The satellite “pings” led investigators to conclude that the plane had made its way to some point along one of two long, arcing corridors that together embrace 2.24 million square nautical miles of sea and land.
On Wednesday, protesters who said they represented families of missing Chinese passengers raged against the confusion and missteps that have dogged the search effort.
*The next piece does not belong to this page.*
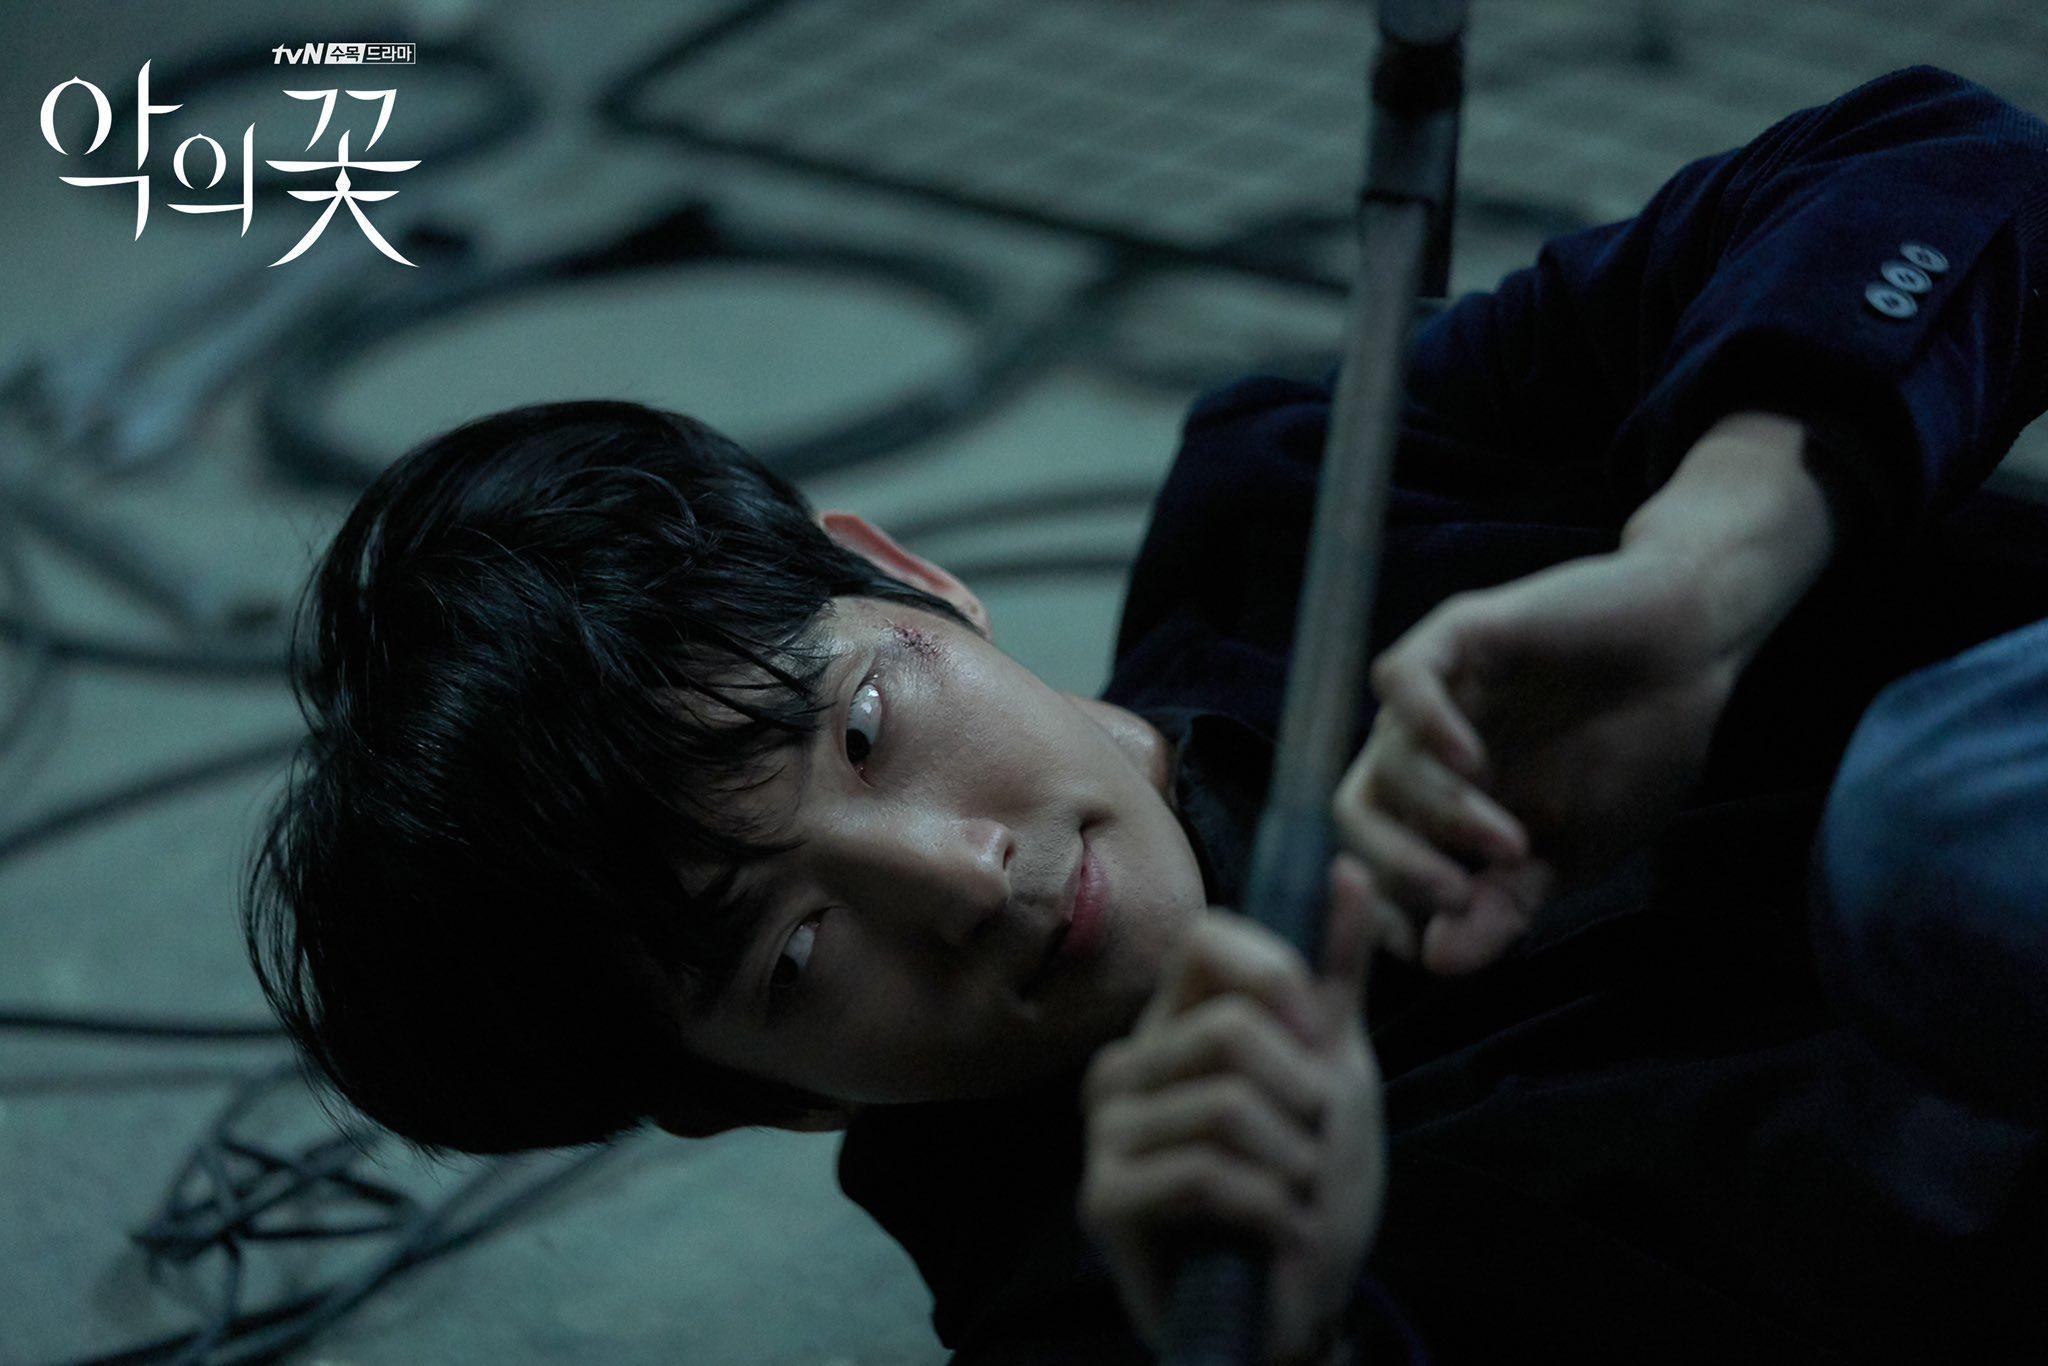 3 nhân vật điên loạn đỉnh nhất phim Hàn 2020: Seo Ye Ji, Lee Jun Ki 'hở là doạ giết', riêng Kim Dami tạo ra trend nữ quyền mới 6

In the same hotel meeting room where Malaysian officials have tried each day to maintain a tone of calm resolve while briefing reporters, several protesters unfurled a banner that read: “We oppose the Malaysian government concealing the truth. Delaying time for saving lives.”
“All our feelings are the same: We demand to know the truth,” said Xu Dengwang, one of the protesters. Security guards soon ejected them from the room.
Investigators have said the plane’s extraordinary diversion from its intended course was probably carried out by someone who had aviation experience. The Malaysian police, who found that Mr. Zaharie had built a flight simulator at his home, said Wednesday that some data had been erased from the simulator on Feb. 3, more than a month before the ill-fated flight.
Evidence suggests that whoever diverted the plane knew how to disable its communications systems and program course changes, and the data recorded in the pilot’s flight simulator may shed light on whether he was involved. But building and using flight simulators at home is a popular hobby among aviation enthusiasts, and the deletion of data from Mr. Zaharie’s simulator may have been routine housekeeping. Mr. Zaharie did not keep his simulator a secret: He posted a video on YouTube more than a year ago showing him sitting in front of it.
The computer search could reveal impulses or plans linked to the plane’s disappearance. But the investigators could also conclude that Mr. Zaharie deleted files just as the average person does to clean out a computer.